*** Opening Data shown ***
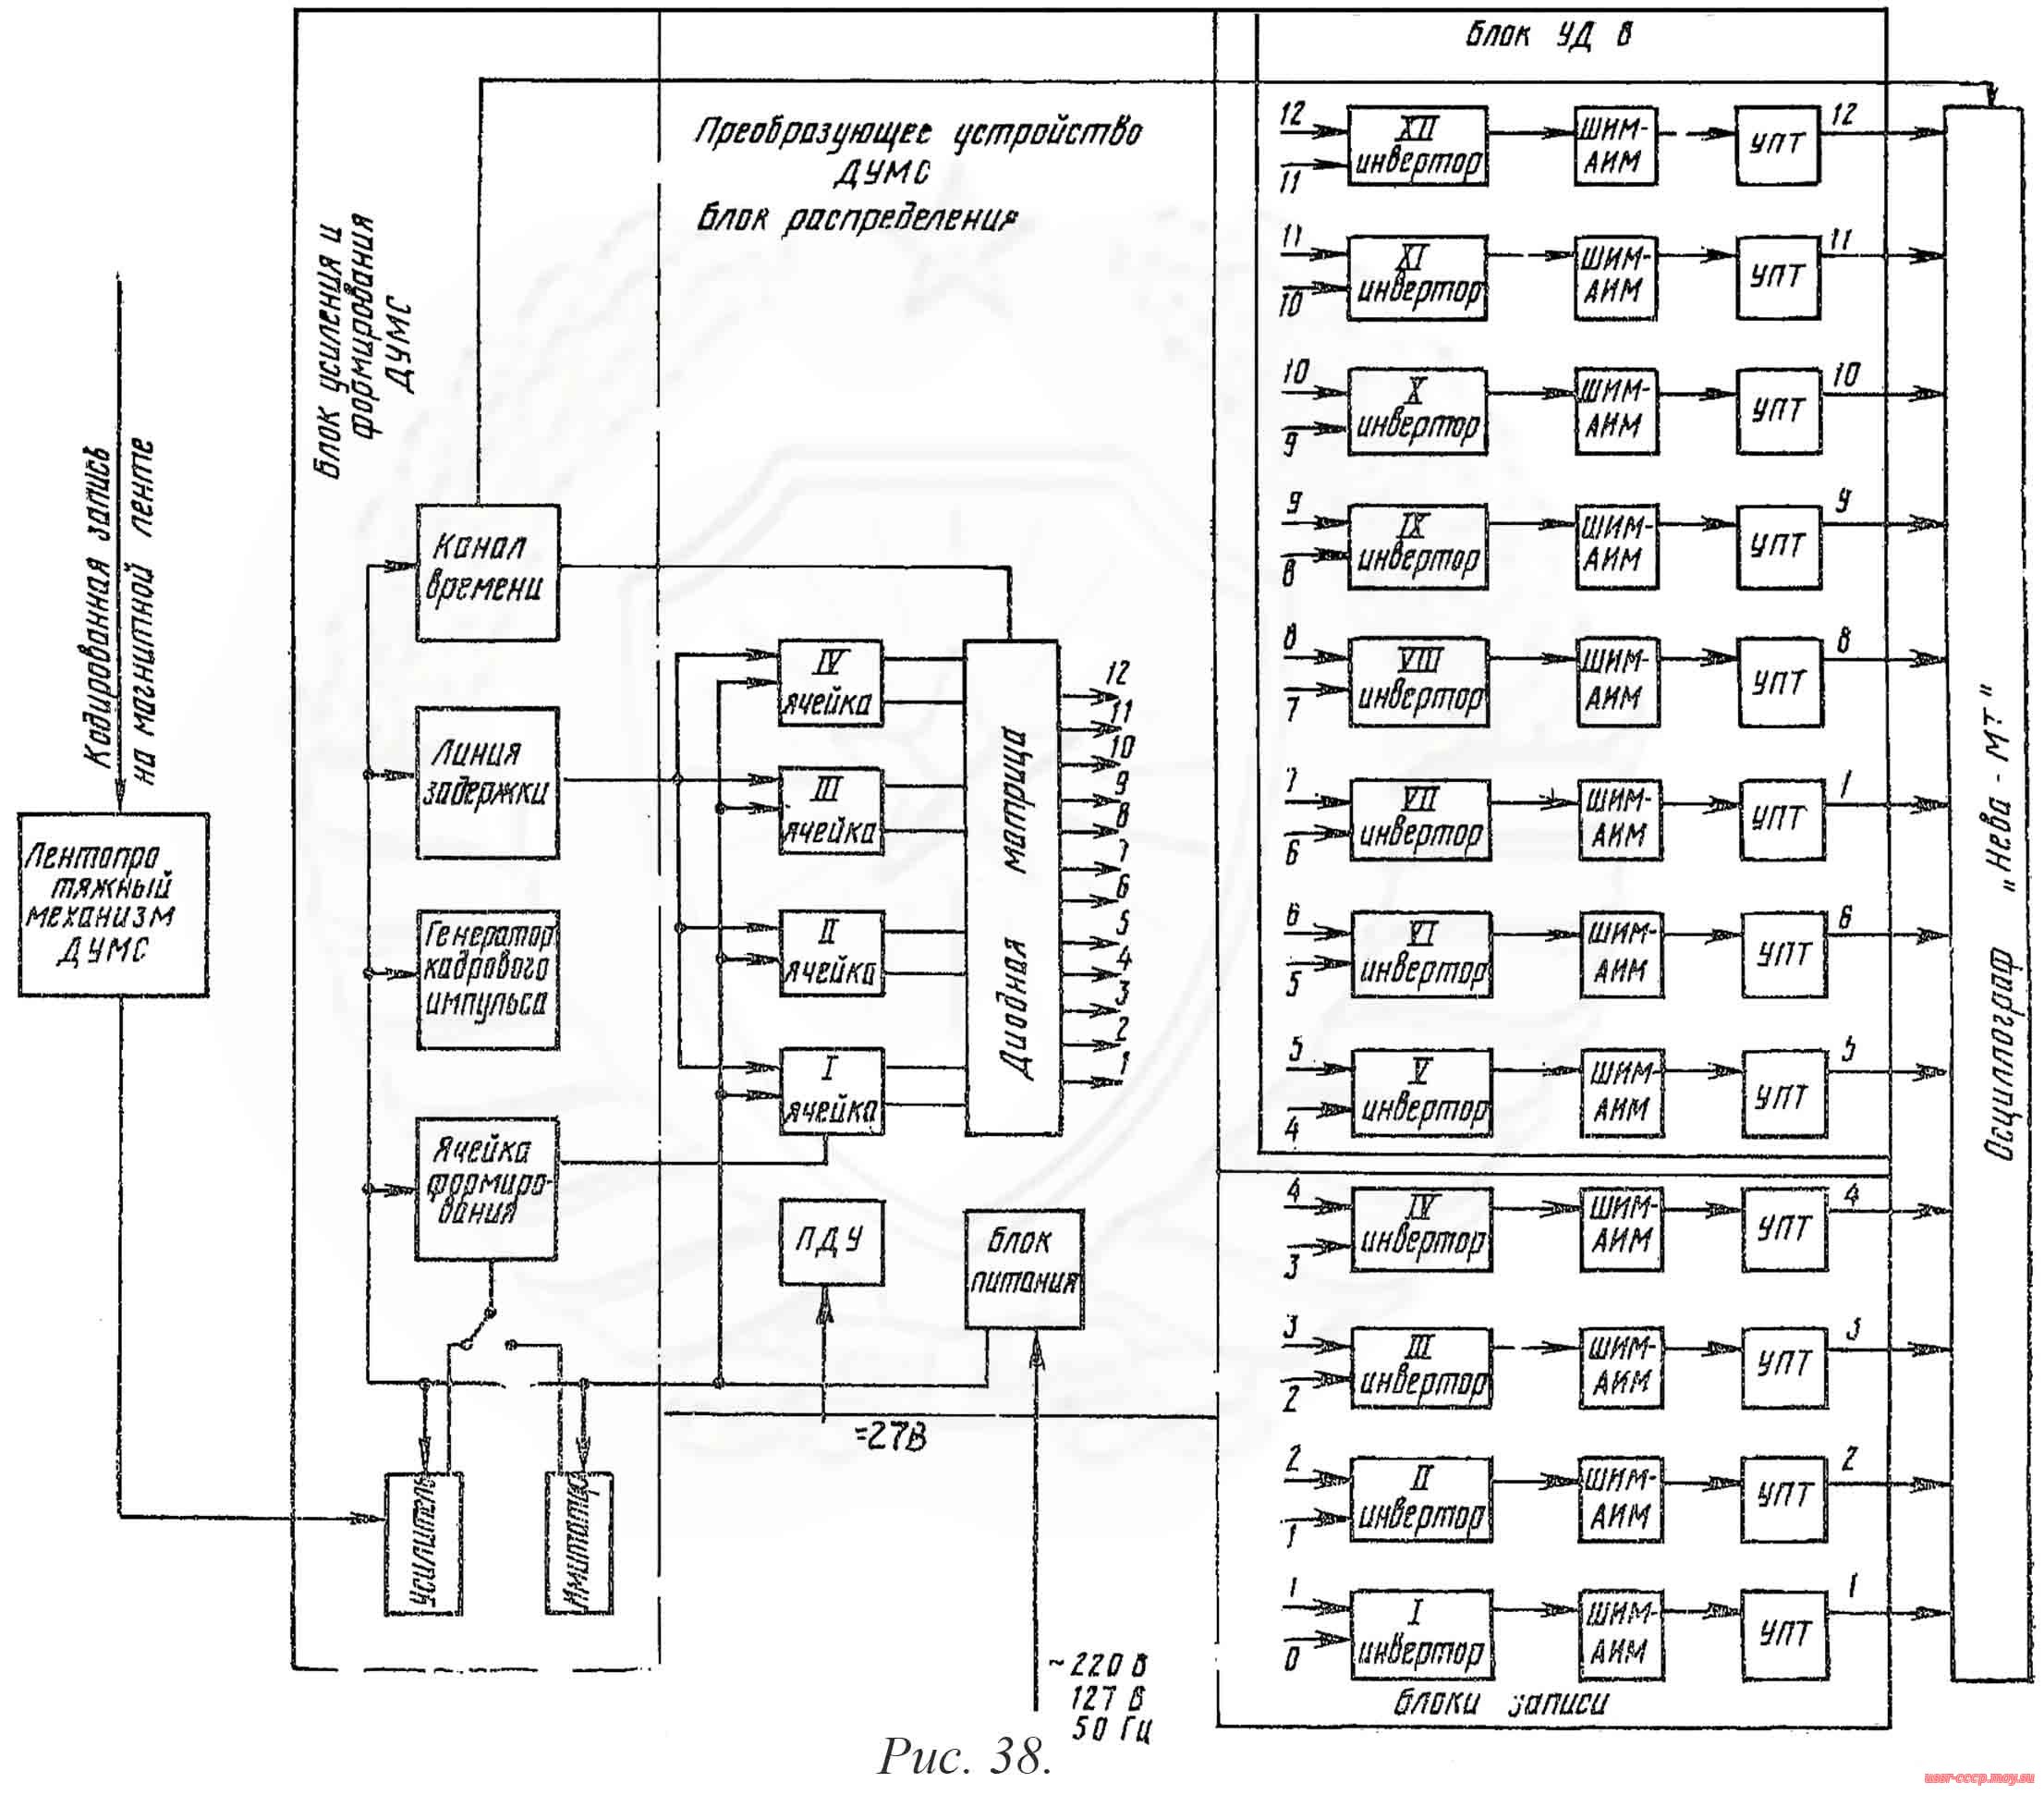  Рис. 38. Схема функциональная устройства декодирования ДУМС с блоком УД-8.
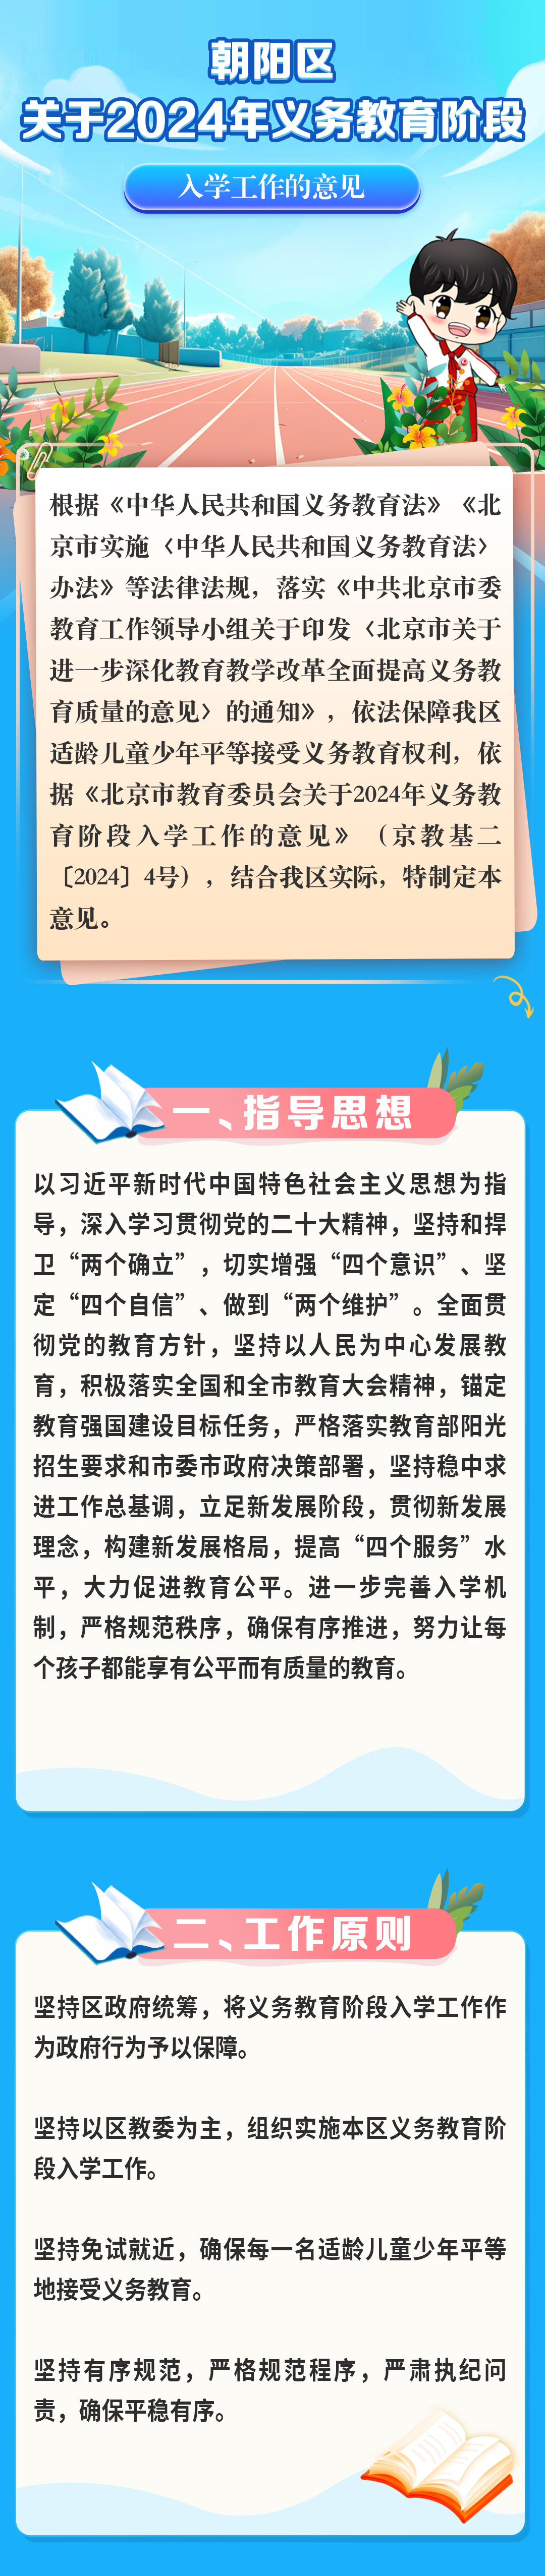 北京朝阳区2024年义务教育阶段入学工作的实施意见
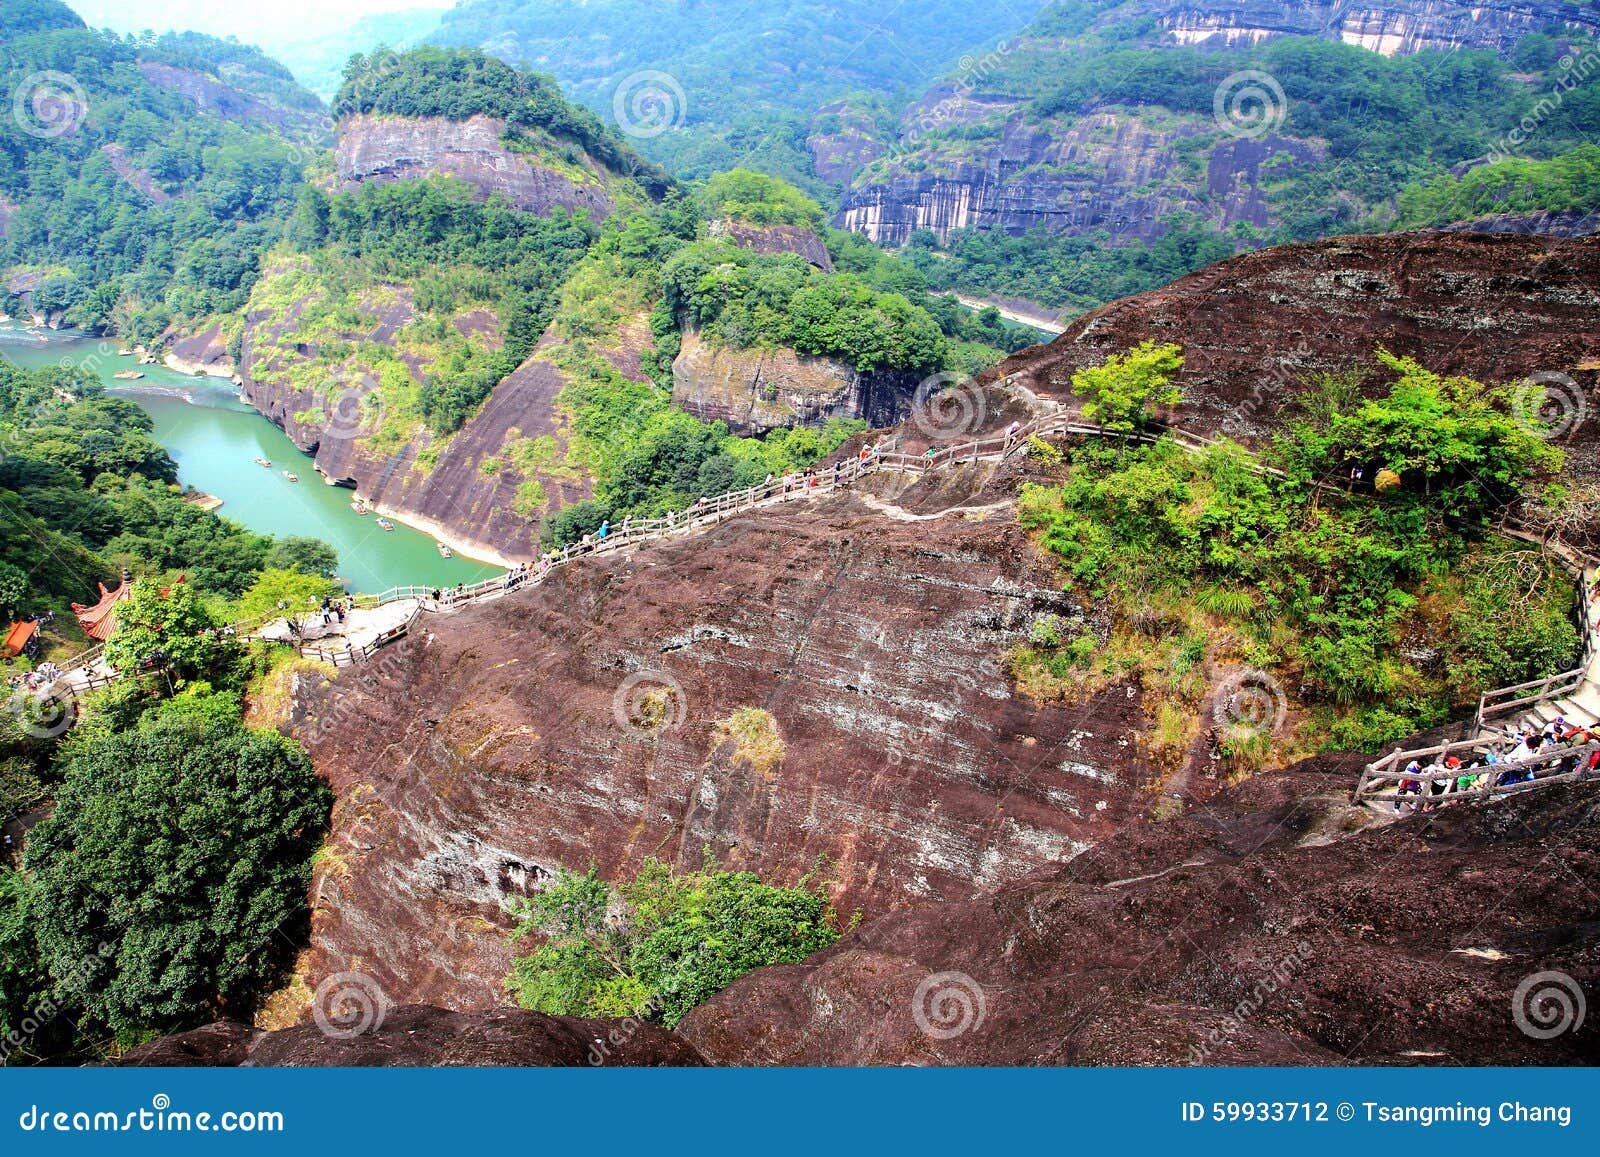 wuyi mountain , the danxia geomorphology scenery in china
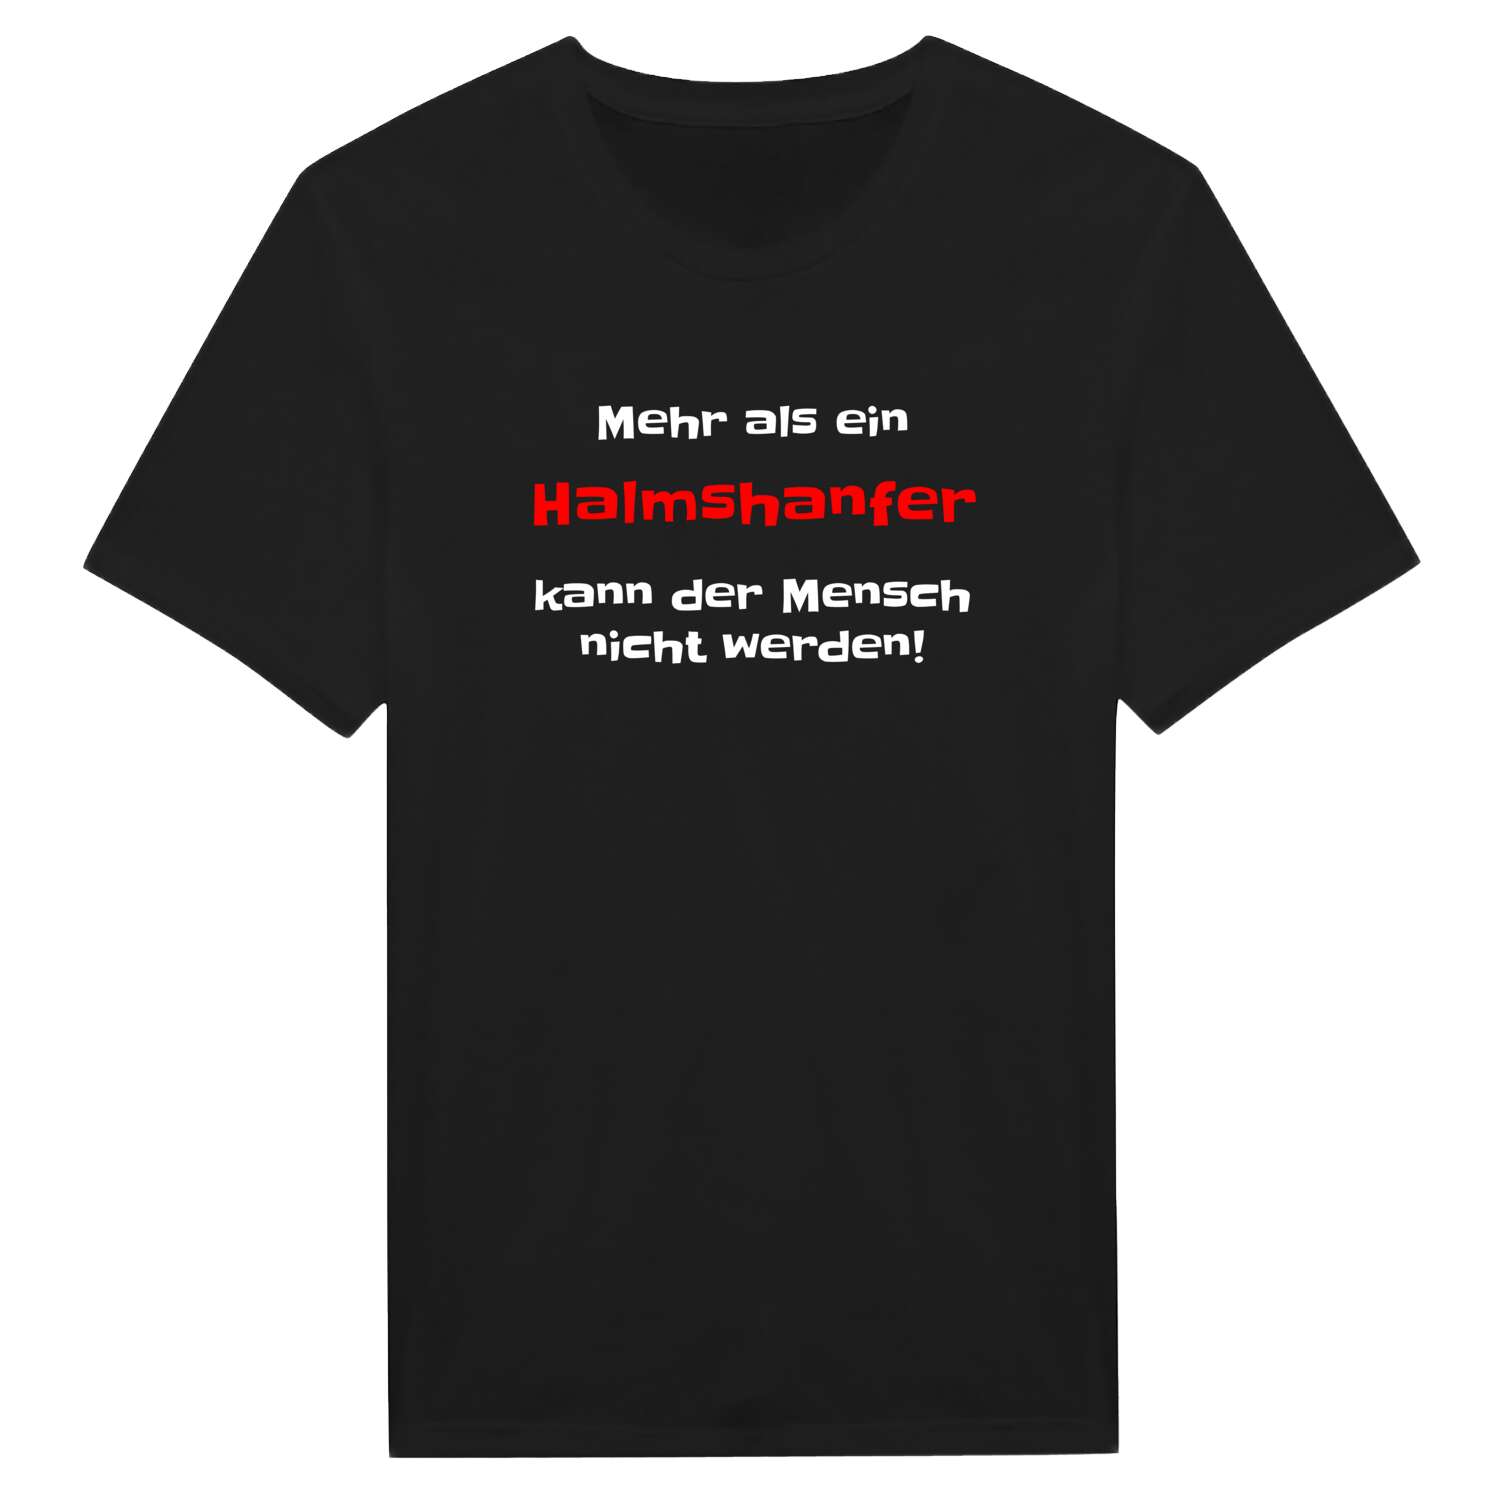 Halmshanf T-Shirt »Mehr als ein«
*** Closing Data shown ***
_Task details_
Would you output the data above exactly as written, but with no images?

_Exercise solution_
  Рис. 38. Схема функциональная устройства декодирования ДУМС с блоком УД-8.
 北京朝阳区2024年义务教育阶段入学工作的实施意见
 wuyi mountain , the danxia geomorphology scenery in china
 Halmshanf T-Shirt »Mehr als ein«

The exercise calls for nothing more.